В Москву непрерывно идут воинские поезда, эшелоны, платформы с оружием и техникой: пушками, танками, броневиками, автомашинами. Из Москвы тоже идут эшелоны: на восток уходят заводы оборонного значения с оборудованием и рабочими.
Столица готовится к бою, вернее, к сражению. А бой идет непрерывно. Жестокий, кровопролитный. И в этом бою тают дивизии Гитлера, рушится военная машина фашизма. Все больше и больше она замедляет свой ход, уменьшаются темпы ее наступления. В июне — июле немцы продвигались по пятьсот километров, а сейчас втрое меньше. И этот темп снижается с каждым днем.
Мы живем рядом с аэродромом, занимаем просторный вестибюль стадиона "Динамо". У нас есть телефон, биллиард, мягкие кресла, диваны и душ.
— Живем в Москве, а Москву не видим, — как-то сказал Бочаров. — Пройдемся пешком до "Динамо", посмотрим....
— Почему бы и нет, — говорю, — давай.
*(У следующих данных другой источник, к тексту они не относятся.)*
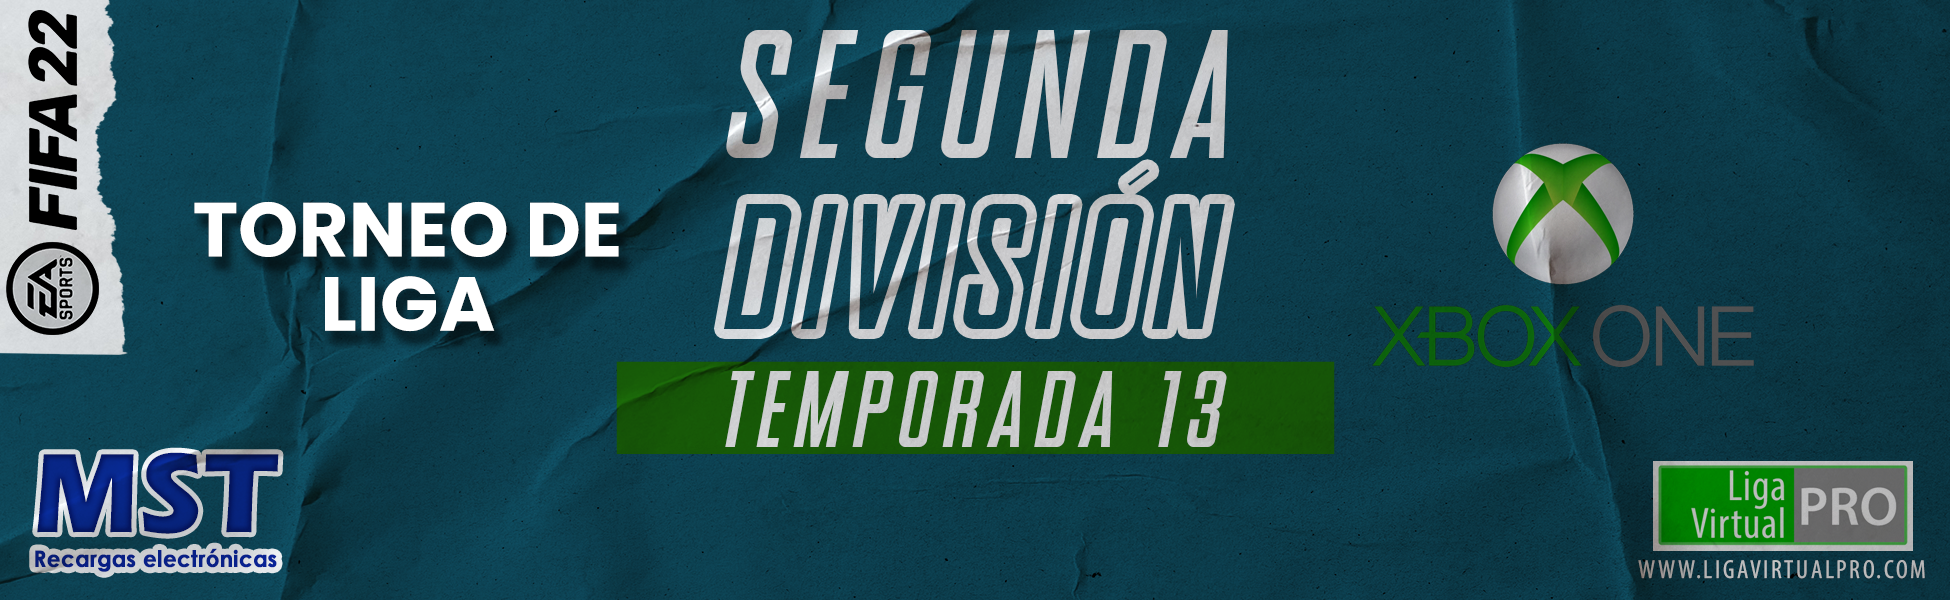 SEGUNDA DIVISIÓN XBOX ONE - TEMPORADA 13 .png

Перед нами на фоне темного неба черные силуэты домов. Вправо и влево, скрываясь во тьме, уходит шоссе Москва — Ленинград. По шоссе несутся машины, освещая дорогу узкой полоской притемненного света...
Недавно, еще в этом году, мы любовались Москвой из Клина — над ней стояло огромное зарево электроогней. И принимали это как нечто обычное. В ноябре прошлого года, в праздник, приехав в Москву из военной авиашколы, я бродил по столичным улицам, не обращая внимания на море огней, заливавших город, — это было обычным. Будто прочитав мои мысли, Илья вздыхает:
— Только теперь можно оценить довоенную жизнь. А машины бегут. Бесконечным потоком бегут в сторону метро "Сокол", к развилке двух шоссейных дорог, идущих на Клин и Волоколамск. Натужно ревя, машины тянут орудия, прицепы, загруженные, вероятно, боеприпасами, везут молчаливо сидящих солдат. Вперемежку между автомашинами, тягачами идут бензовозы, танкетки и даже танки, заглушая ревом своих моторов все остальные звуки.
Илья подходит вплотную ко мне, кричит в самое ухо:
— Живем, дружище, живем! Силища, видишь, какая идет!
Да, эта сила идет на запад и северо-запад Подмосковья, туда, где насмерть стоят наши войска.
Наша газета "За храбрость" еще в первые дни октября посвятила именно нашей авиачасти целую полосу под броским аншлагом: "Отважные соколы! Бейте фашистов так же мужественно и умело, как громят их летчики подразделения тов. Писанко!". В заметках говорилось о боевых делах летчиков второй эскадрильи Нечаева, Кохана, Бабенко, Яхненко, Александрова, Федотова, Кулака, Кравцова, Косарькова.
В корреспонденции под заголовком "Храбрость" написано об Андрее Кравцове.
"В дыму и пламени автоколонна. Испуганно мечутся фашистские солдаты, тщетно пытаясь спастись от града пуль. Летчик Кравцов прошел над колонной бреющим полетом, затем развернулся, чтобы идти домой, но обнаружил, что у него еще не все израсходованы боеприпасы. "Зачем пропадать добру, — подумал летчик, — лучше зайти еще раз и добить фашистскую нечисть". Кравцов вернулся обратно и, не обращая внимания на ожесточенный огонь зениток, уничтожал фашистов, пока не израсходовал всех боеприпасов..."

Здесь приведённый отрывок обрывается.